The thought for the sensors was well thought out but not explained.  I think if they (WTF) would EXPLAIN things and why they force the makers of the system to fabricate their equipment to thier standard, life would be easier to adjust.  Lajust had handpads and headgear with sensors but the WTF wont approve it...  WHY?

I think (*my opinion*) that this would introduce a new type of fighting, less kicking oriented.  The step in and deliver 10 rapid punches to the hogu would pop 10 points causing a crappy fight.  soon, people would not be kicking and instead boxing, which is what taekwondo is about (KICKING).  Next thing you know we would have rules like kickboxing, that requires 3 kicks a round, which people would do just to meet the quota and box the entire match.

sure punches are a part of taekwondo.... but make for a non taekwondo _SPORT._


_*oh, and for the record.. I have no vested interest in LAJUST... just a ex-competitor/current-coach who tries to understand the game for the betterment of my students and anyone I can assist!!!!!!!!!!!!*_


----------



## miguksaram (Nov 22, 2010)

Just do away with the sensors and just get back to manual.  If fighters are scared that they might be cheated against due to biased judging then knock out their opponent.  If they can't do that then leave no doubt that they are the ones who should win, like the Taiwan player did against China.  It was obvious that the China's player was out matched.  

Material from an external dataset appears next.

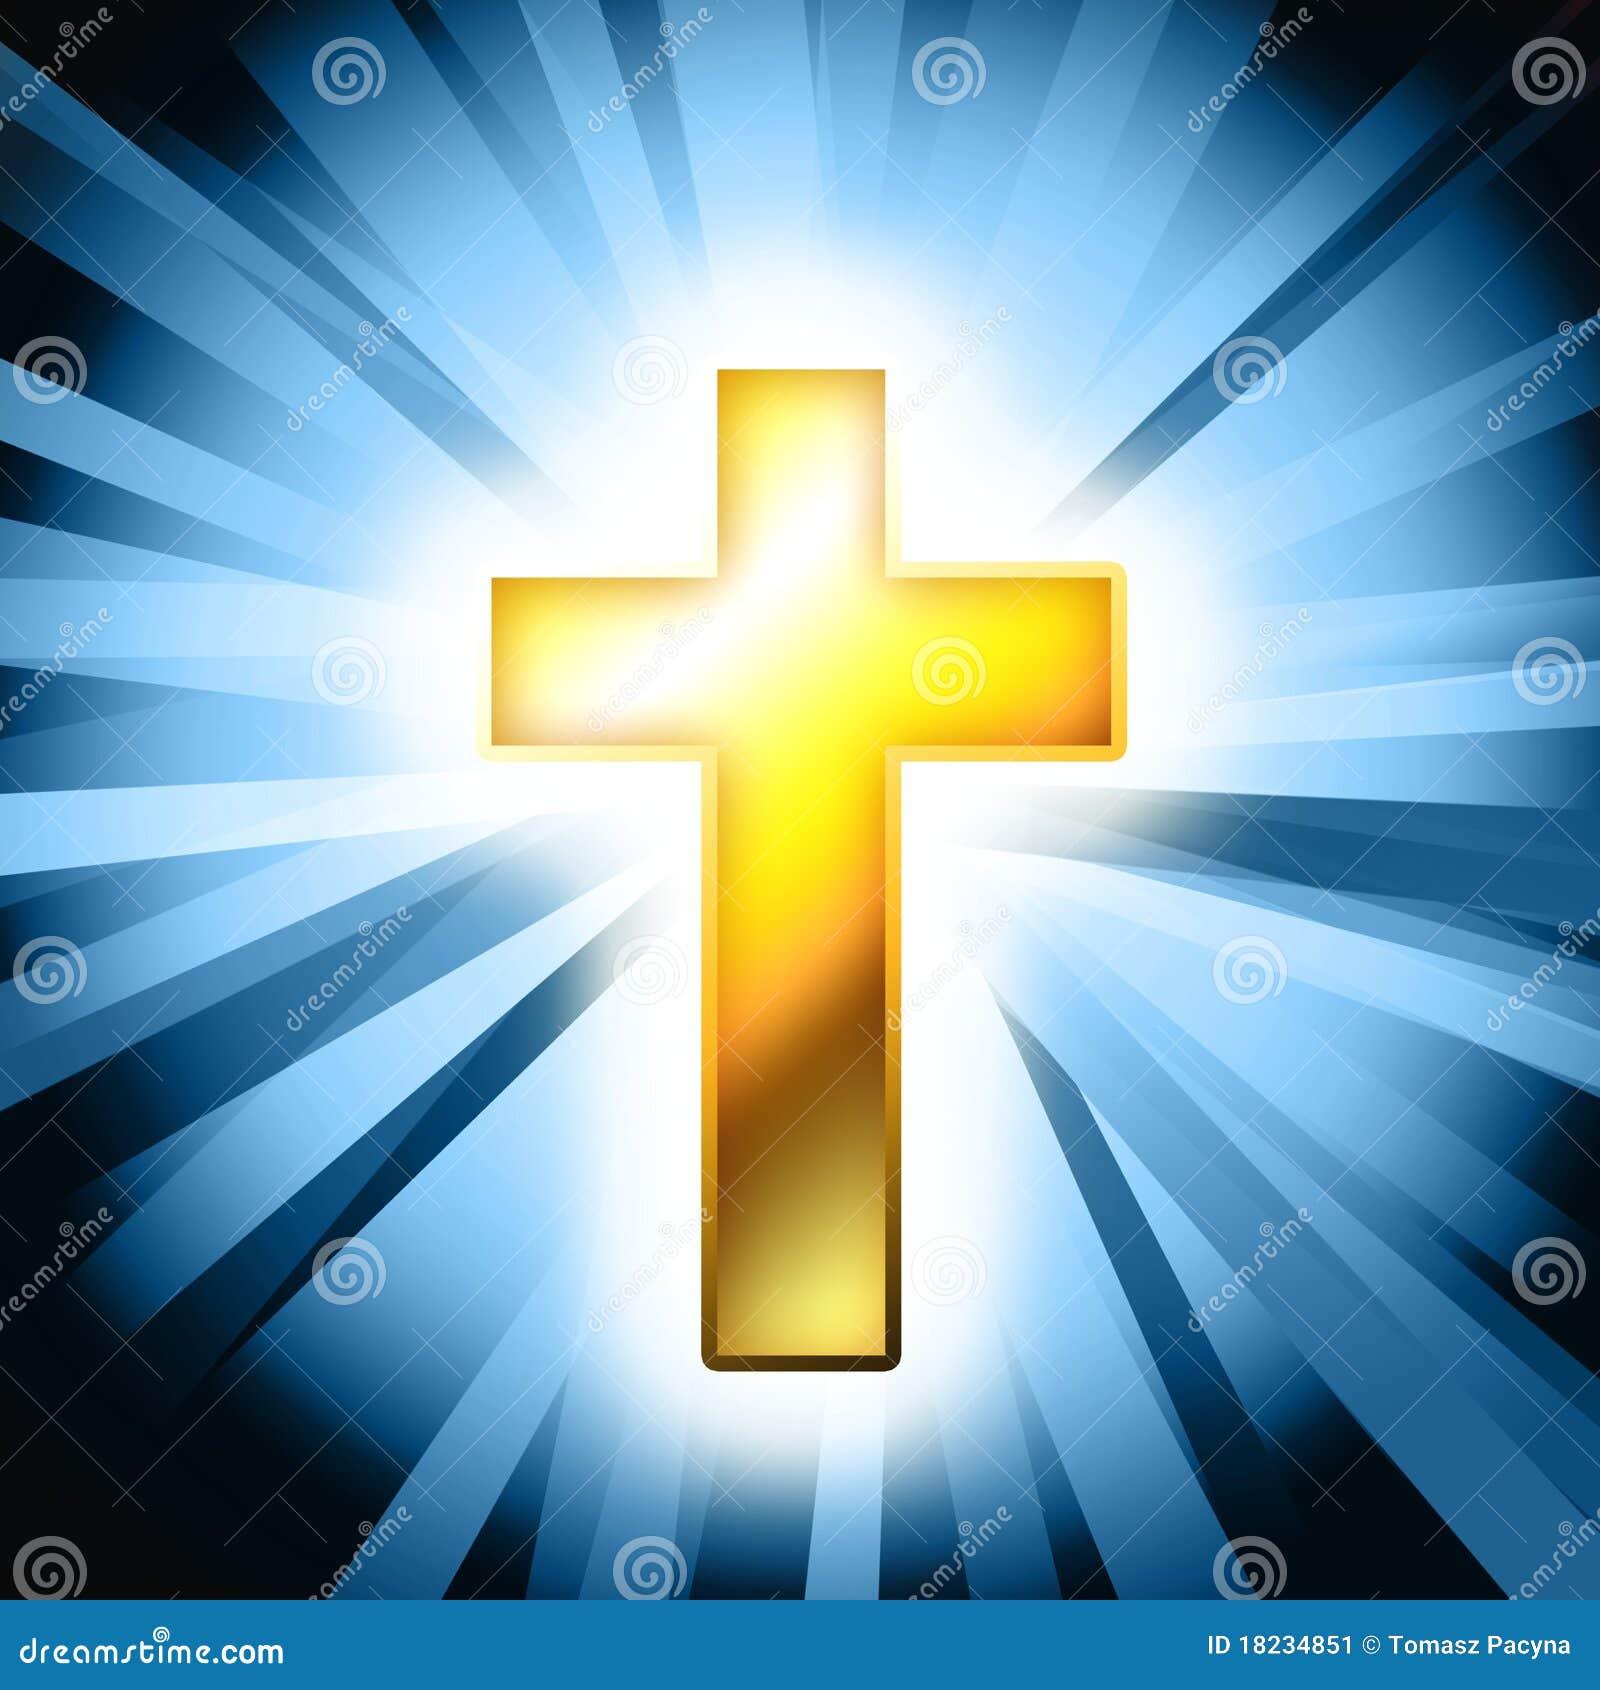 catholic cross background stock image

Good hard techniques are starting to deminish because everyone relies on these sensors.


----------



## d1jinx (Nov 22, 2010)

miguksaram said:


> ....then knock out their opponent. ....
> Good hard techniques are starting to deminish because everyone relies on these sensors.


 
AMEN brother


----------



## ATC (Nov 22, 2010)

miguksaram said:


> ...everyone relies on these sensors.


Picture her taking off the socks completely and then preceding to whoop the snot out of the other fighter. Now what would have been something to see.

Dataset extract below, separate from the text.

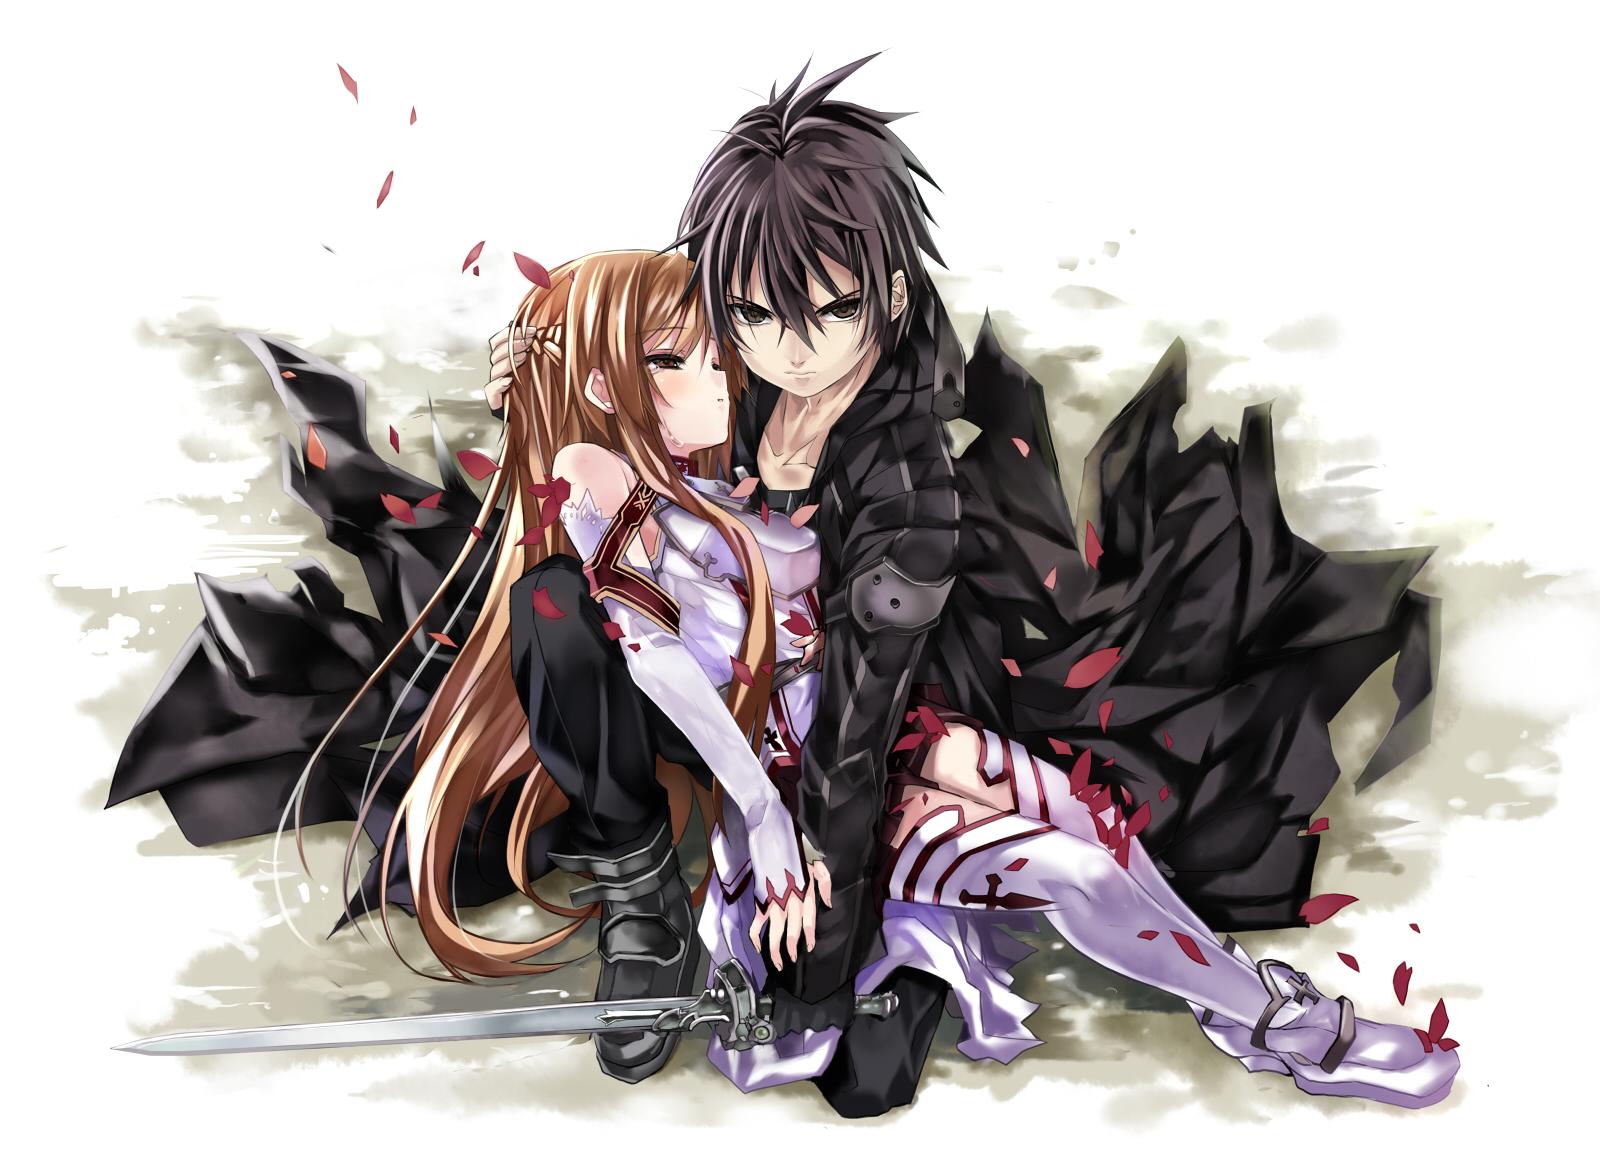 Romance Love Anime 24 Background Wallpaper Hdlovewallcom

Sensors! I don't need no stinking sensors! Ha ha ha...


----------



## boxking (Nov 23, 2010)

Hello all,

Thank to everyone who shared an opinion, especially d1jinx provided really useful information. I think that if WTF and ATU can show all the documented reports and evidences regarding the disqualification of Yang at the earliest moment, this case will be much simpler.   

Many questions raised according to the confusing statements.

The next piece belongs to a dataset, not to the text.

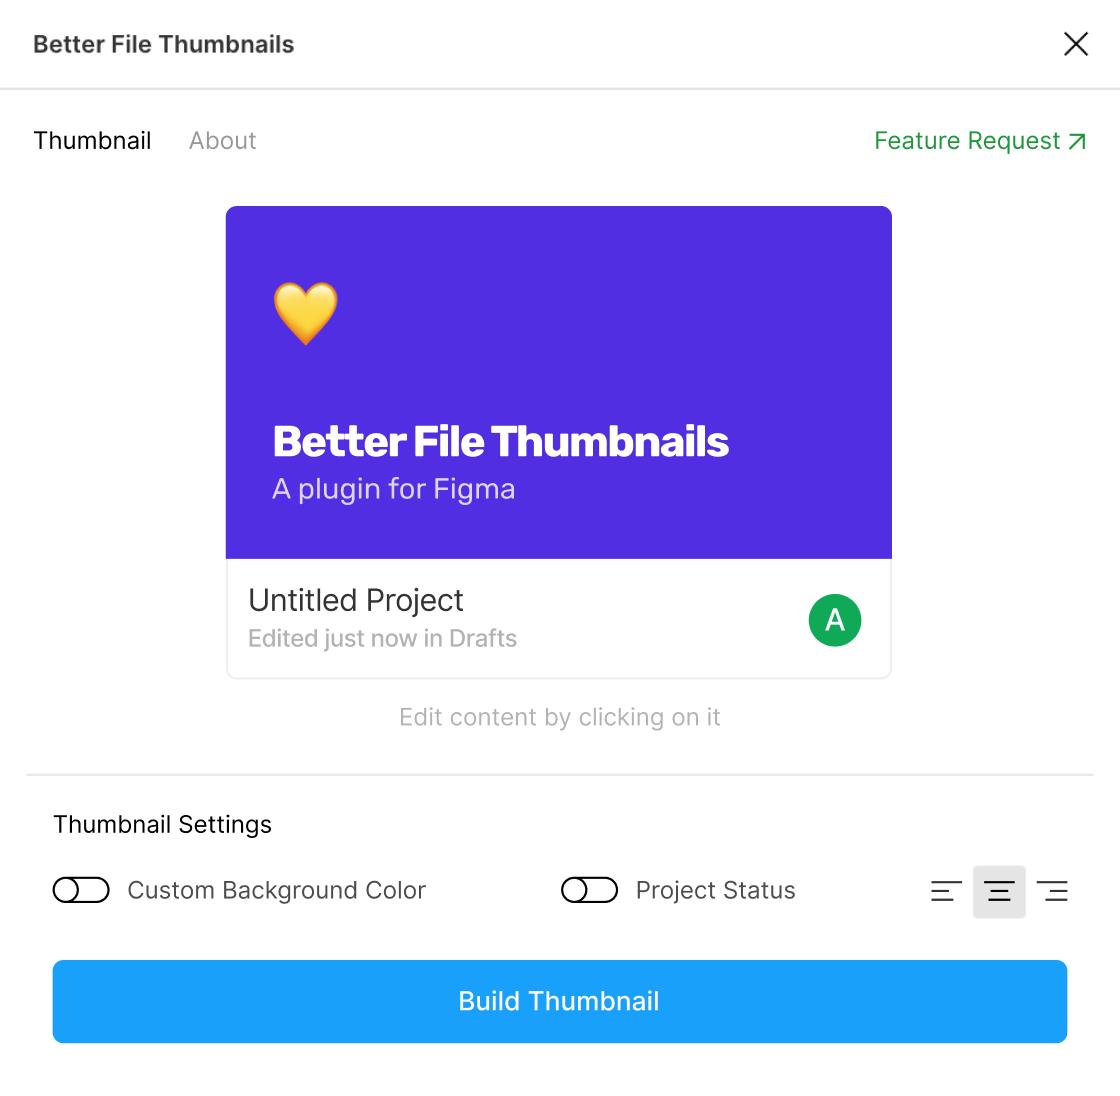 Better file thumbnails UI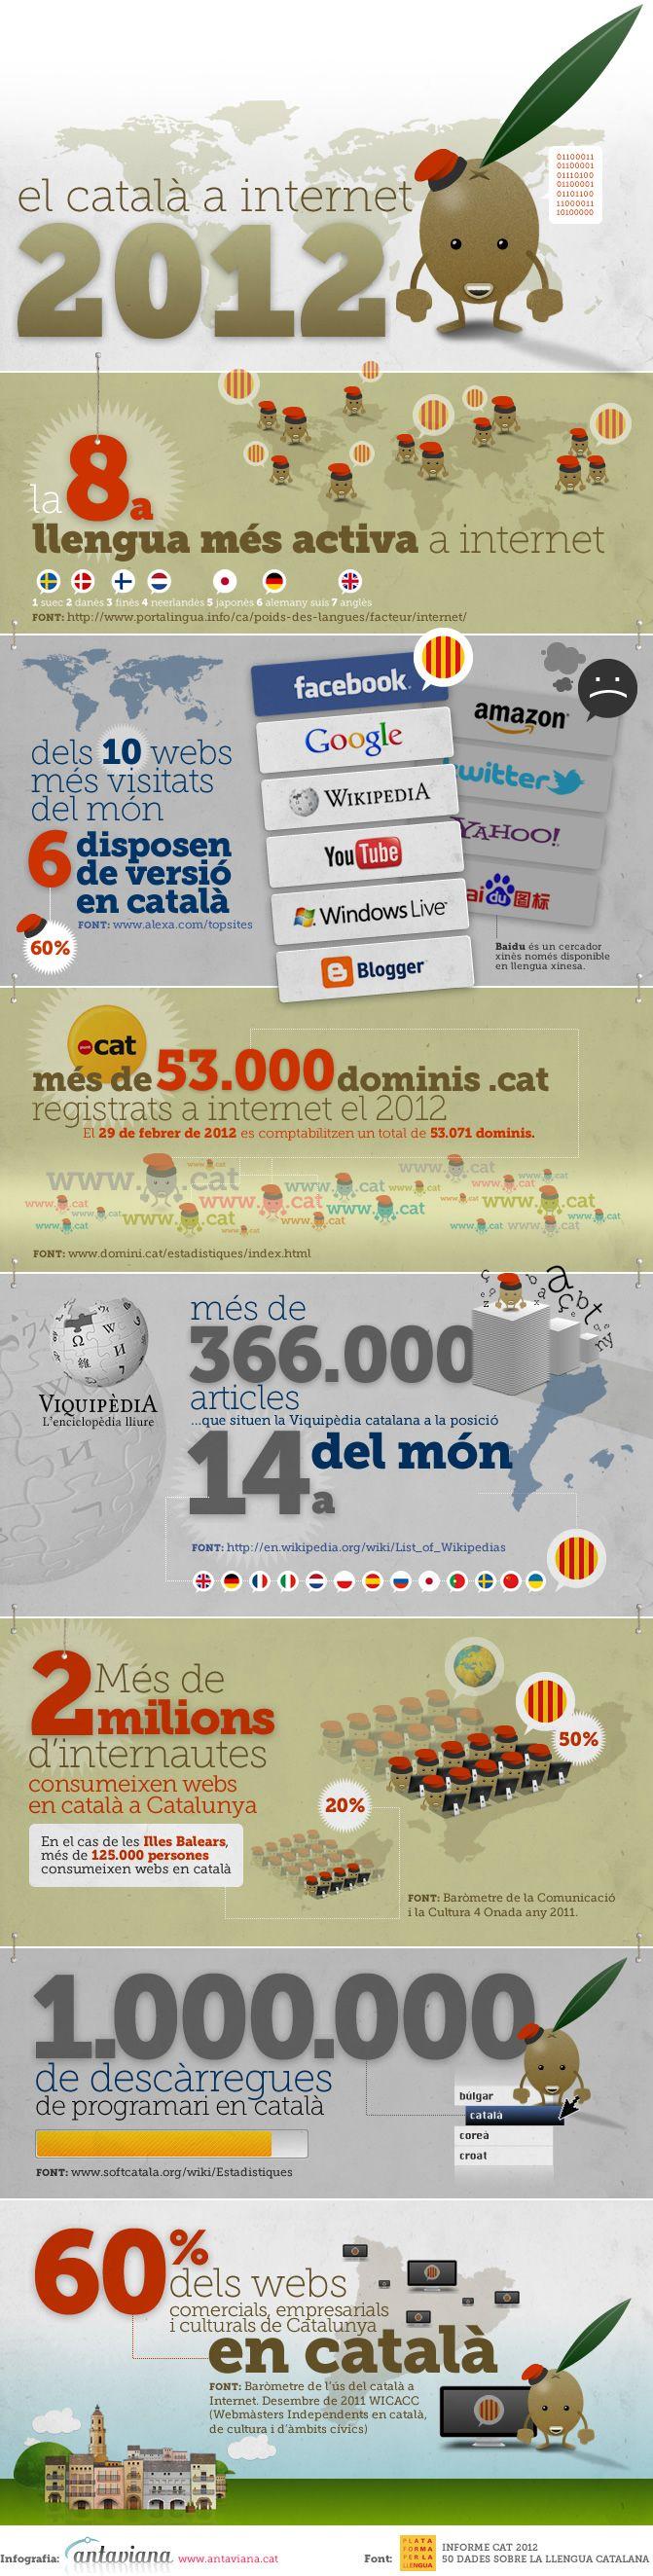 El català a internet

Why the official frequently change explanations about the disqualification of Yang?

 Are the written WTF and Asian Game rules about the uses of sensors, the  technical record (they first claimed they found a weird signal on  Yang's sensors), the video during pre-inspection (later, they claimed  they do not have video record in the inspection area)  so difficult to  prepare and display?

Why the official did not present all the evidences at the earliest moment?  Is "protecting the fighter's personal privacy" a good reason while Yang was already accused of cheating? Why would have to wait until the end of Asian Game to make a conclusion? Wouldn't all the attention on the Asian Game now be gone at that time? 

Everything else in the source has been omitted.